November 11th, 2018 - The 100th anniversary of the Great War Armistice
François Chatillon, Chief Architect of Historical Monuments asked the photographer Cyrille Weiner, with whom he maintains a friendly and intellectual complicity, to look at several sites in the battlefields of Verdun which he had the restoration’s charge. In this obsession to understand and interpret the present world, how to integrate the dimension of the past?
This is the meaning they both want to give to their respective work in two distinct areas.
The discovery of the sites of the battles of the Great War
leaves the visitor in a state of amazement.
Despite the nature that takes back its rights,
the landscape permanently bruised, imposes silence.
How to view such sites?
How to look at what escapes the “heritage” codes?
This sites must imperatively be seen, surveyed, felt in the depths of our humanity.
The purpose is not about landscape or architecture,
we must only support the shock of discovery.
And propose very simply supports the necessary explanations, ensure accessibility pathways
We must fade, we must be quiet.
“The Great War” has just been a hundred years old and the world wants to remember.
Remembering to be able to forget, to go from the history of our fathers
to a less painful history, a story that no longer recounts, a story that can be read in books.
From the armistice, the architecture was summoned to freeze places and names.

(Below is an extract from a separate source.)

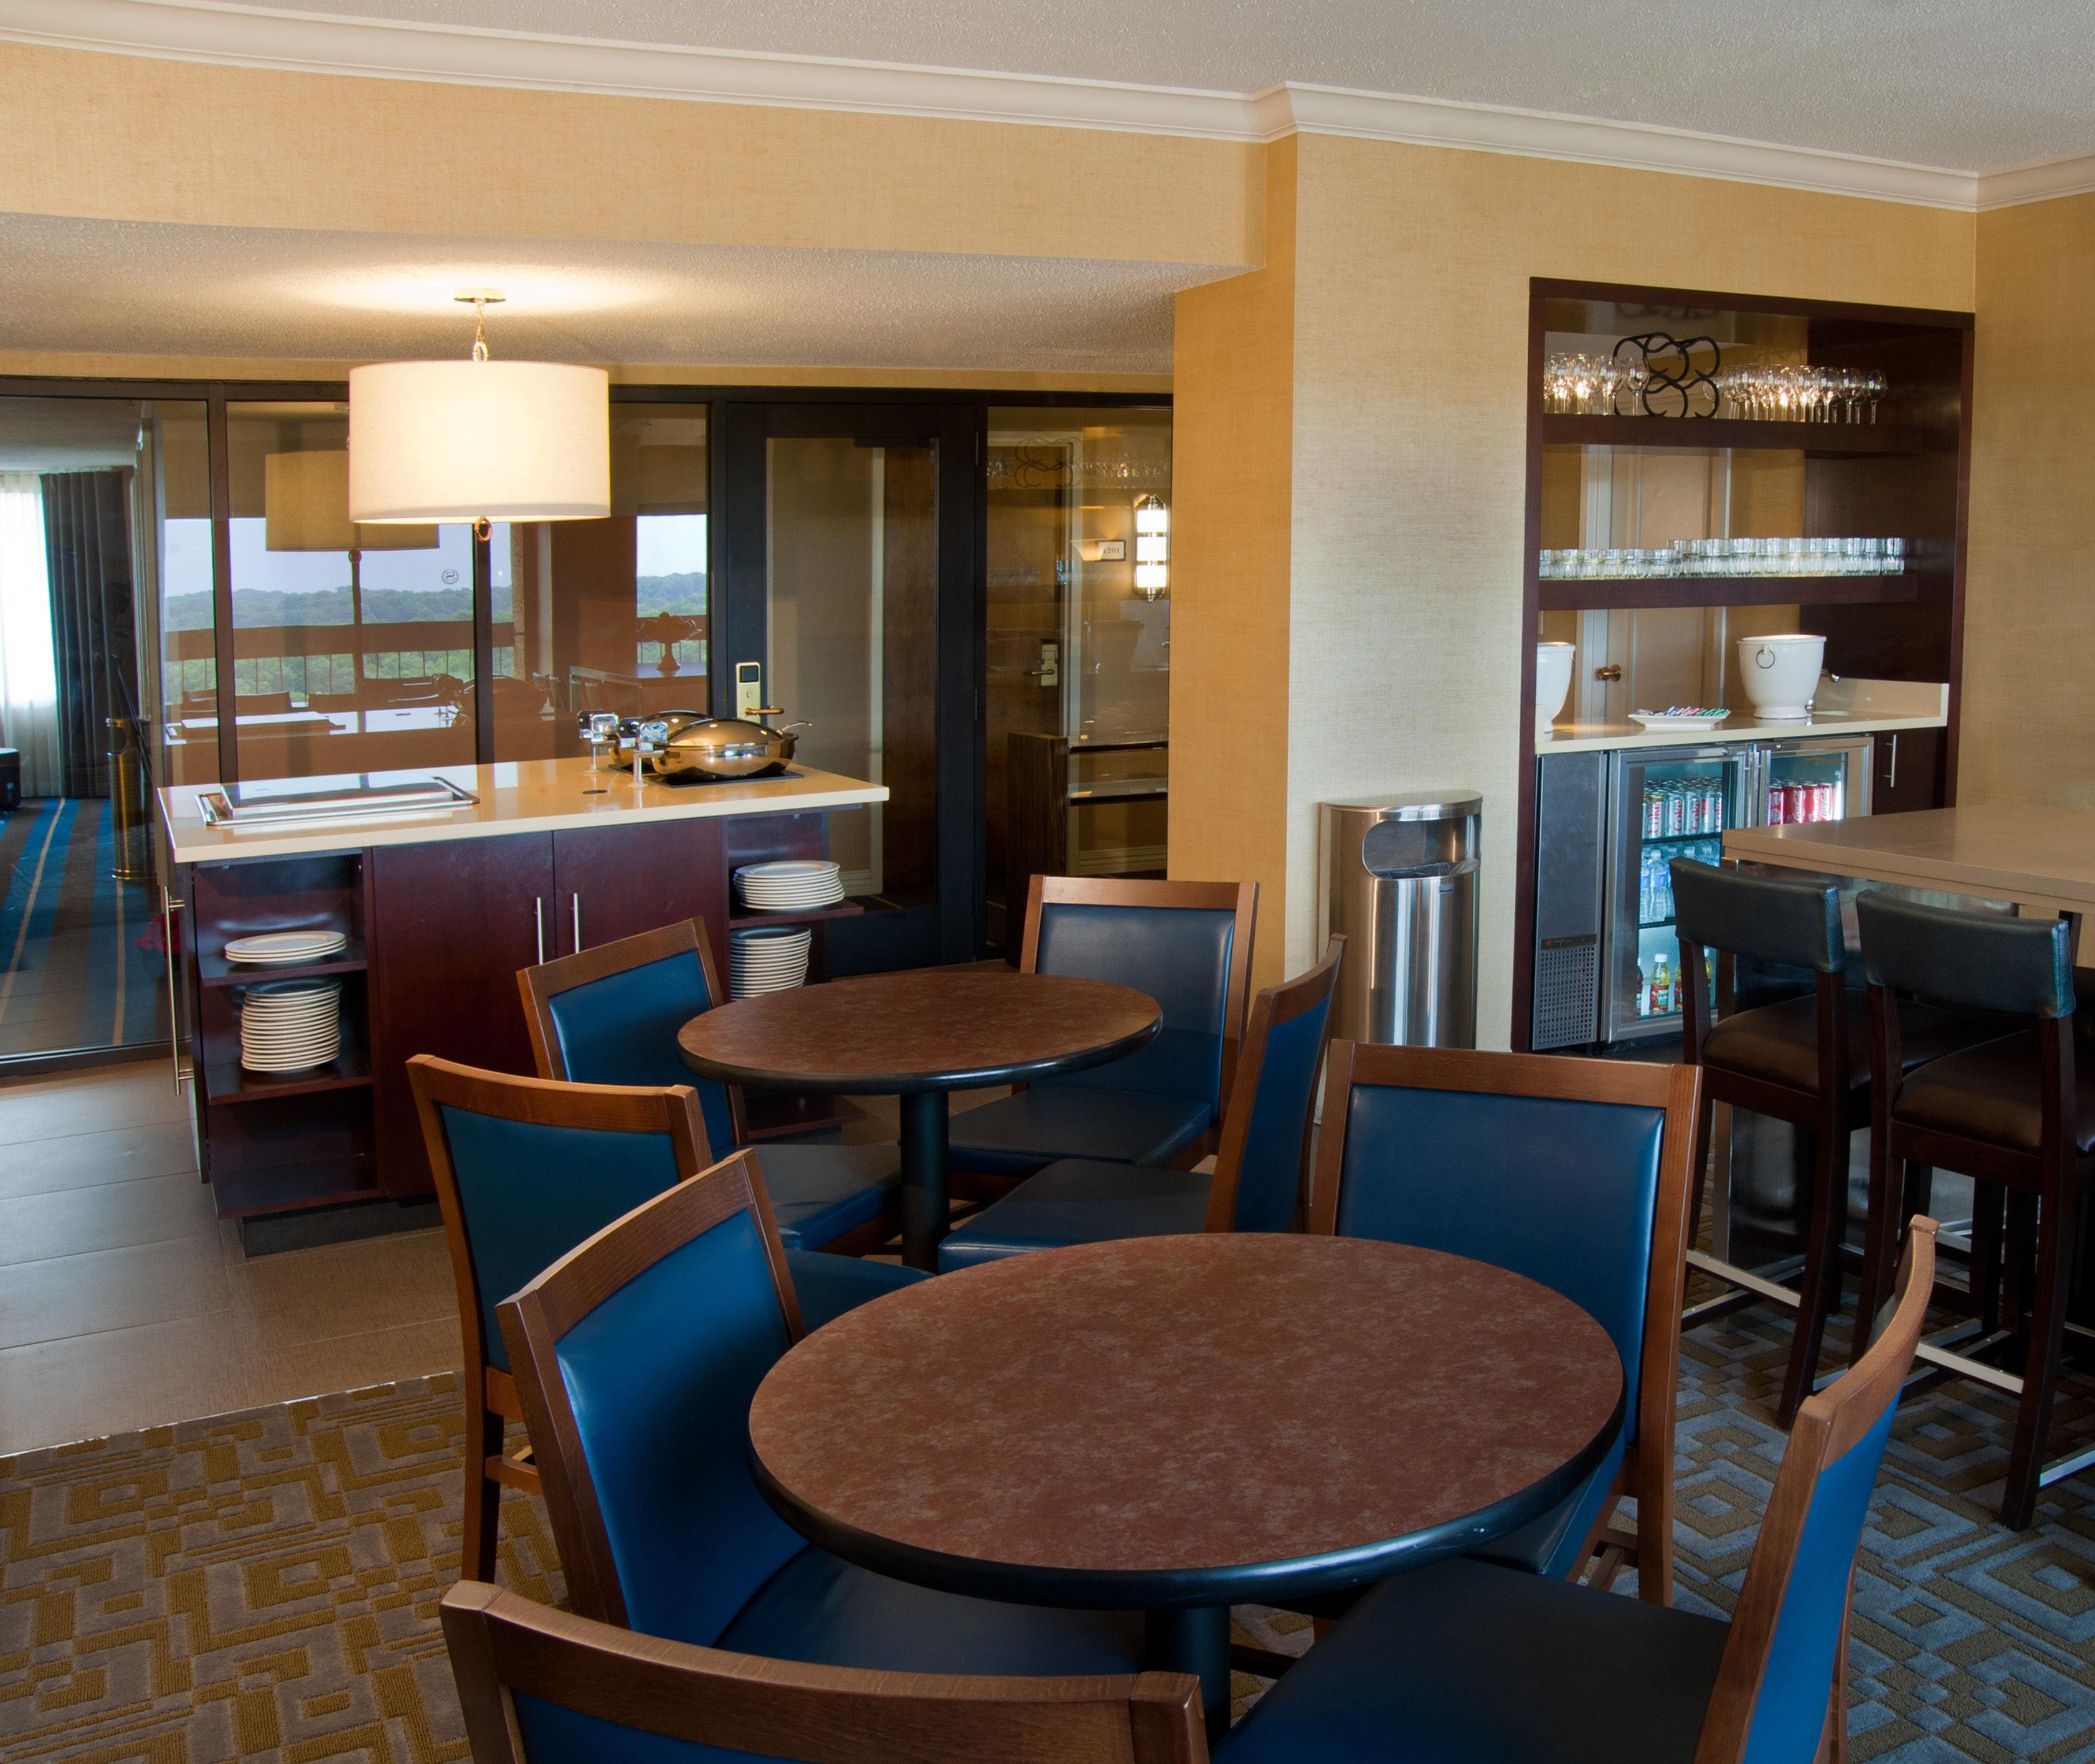 Sheraton Westport Plaza Hotel St. Louis image 8

Steles, monuments, infinite fields of crosses and standing stones
mark the landscapes and more particularly the landscapes of the North-East of France.
The commemoration of the centenary invites us to watch, clean, restore,
make them presentable, representable of what happened
to the address of generations who have not lived.
There are two kinds.
The monuments.
Composed, drawn, engraved, which solemnly recall the names,
the facts, the places and the battlefields.
The architects of the time often used ancient and often massive references probably because they responded to their sensitivity and their background,
but perhaps also to put back a martial order in what was a horrible disorder of things.
As in the Nile Valley of the time of the Egyptian empire,
the entrance pylon of la tranchée des baïonnettes invites us to go into the temple,
to walk the sacred path that leads to the realm of those dead buried alive in their trench
and of which only the bayonets protruded from the dried mud after the battle.
The image is striking, no visitor emerged unscathed from this short pilgrimage.
The restoration of this door does not require any superfluous gesture, here it is the silence that guides the pencil,
it is necessary to just cure the architecture as one dresses a wound so that it heals.
This is the same approach for the “Monument Allemand” of Sedan Cemetery.
However, its status is particular, its name says “German”.
As if to remind us that “the enemy” was only the name given to the victims on the other side.
It is right to repeat it again and to write it in a letter of gold.
Battlefields
Here no monument, no attempt to restore “order”.
At first, we do not see anything, we do not understand anything: embankments, screes.
It takes time and explanations,
not to understand, but to admit the flood of bombs that fell for four years on Douaumont’s fortress
to admit the thousands of victims shredded, buried,
to realize the absurdity of all this.
What is difficult here is to do neither “architecture” nor “landscape”.
We take the needs straight, an elevator so that everyone can access the site, a ramp.
The answer is brutal, the rusty sheet supports themes and explanations
to encourage visitors and especially younger generations
to take away some of this story hoping it will act on them like a vaccine
and the rest,
remains as it is, in the purity of its horror.